Terrain Adaption Controller for a Walking Excavator Robot using Deep Reinforcement Learning
Ajish Babu, Frank Kirchner
In 2021 20th International Conference on Advanced Robotics (ICAR), (ICAR-2021), 07.12.-10.12.2021, Ljubljana, IEEE Xplore, pages 64-70, Dec/2021.
Automation of heavy-duty vehicles using technologies
developed in the robotics domain is gaining popularity. One
such vehicle is the walking excavator with active suspension
chassis for adapting to uneven terrain. The terrain adaption
controller automates the suspension control by considering the
factors stability, underlying terrain structure, wheel-ground
distance, chassis-ground distance, etc. This work builds the
controller, which actuates the joints that control the height of
the wheels. Deep reinforcement learning is used, considering the
complexity of the problem and transferability to other robots.
The controller is learned and evaluated in simulation, where
continuous terrain with varying slopes is automatically generated.
Autoencoders compress the height-map and convert it
into latent space of different sizes. Three groups of controllers
are then designed based on observations given to the controller.
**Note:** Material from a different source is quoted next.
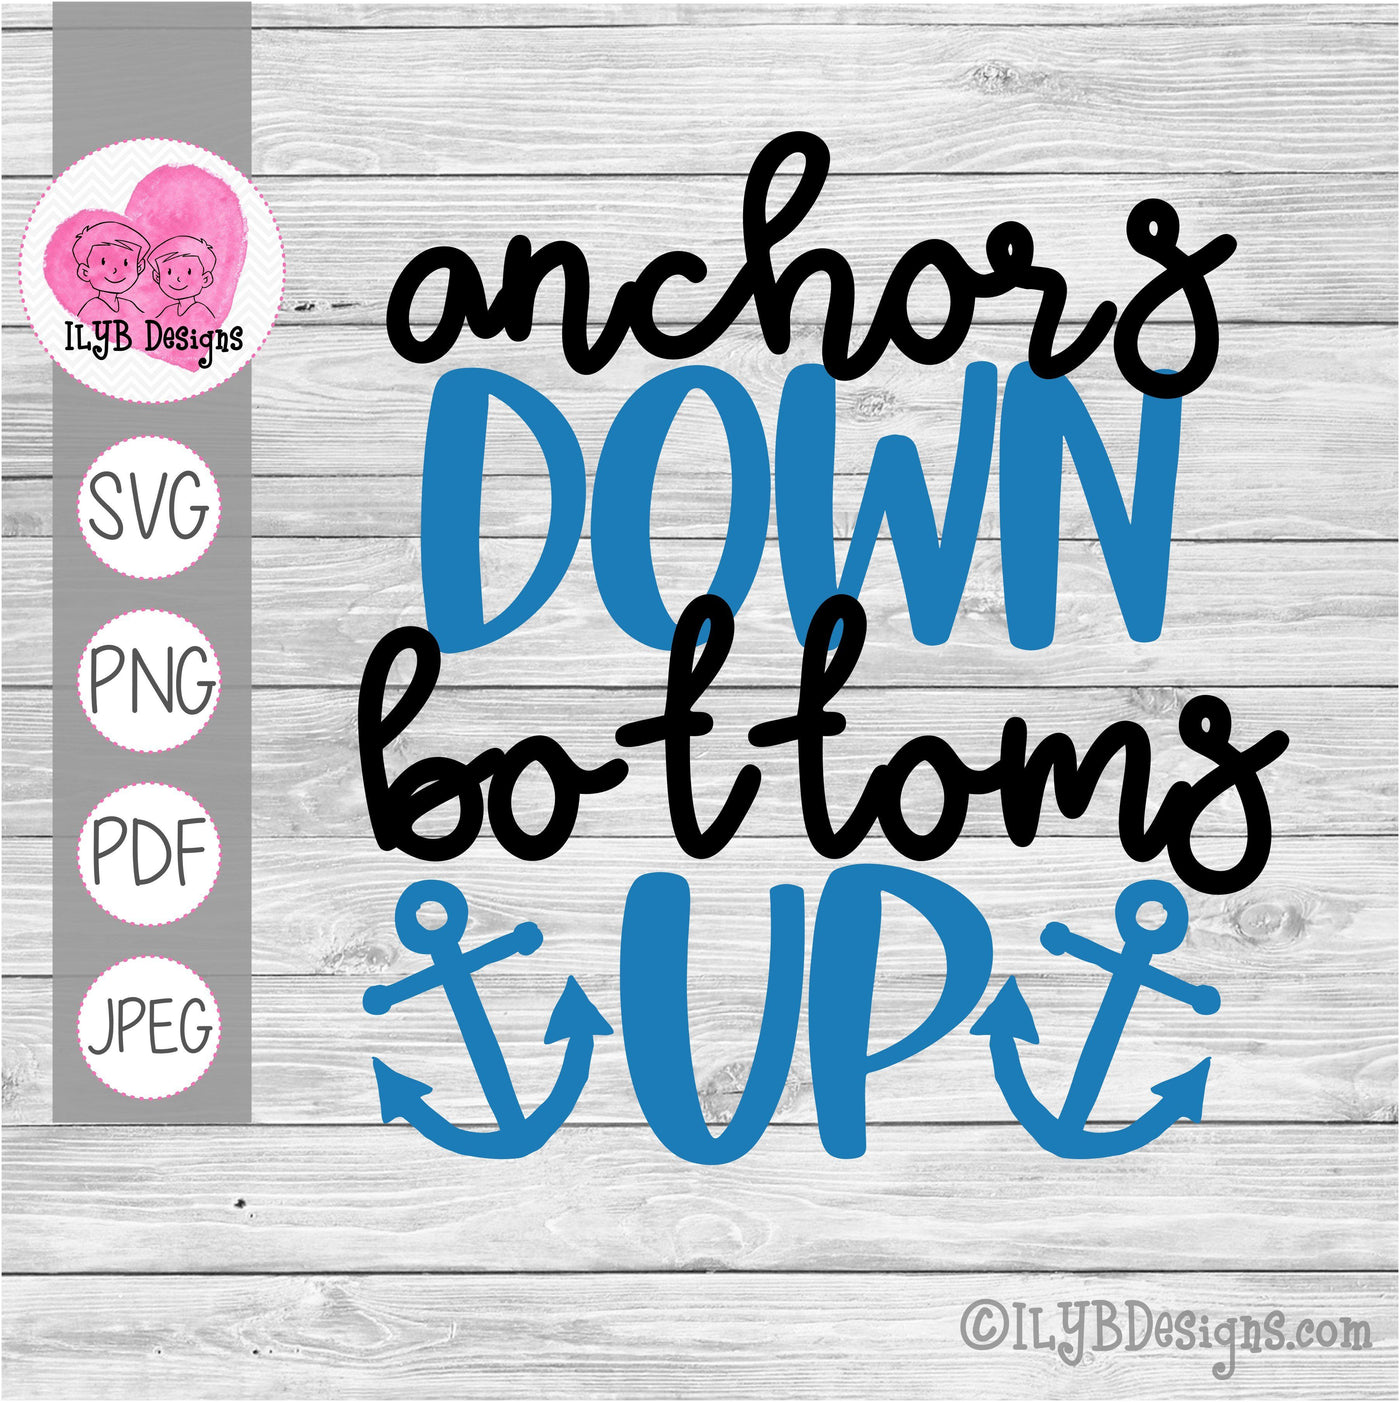 Anchors Down Bottoms Up SVG, PNG, JPEG, PDF Cut Files - ILYB Designs

Evaluation of controllers shows that the controllers with ground
distances as observation perform better. If the ground distances
are part of the observation, there is no significant difference
in performance between controllers with different latent space
sizes. For controllers with terrain information and no ground
distances, the evaluation results match the terrain reconstruction
accuracy of the corresponding autoencoder.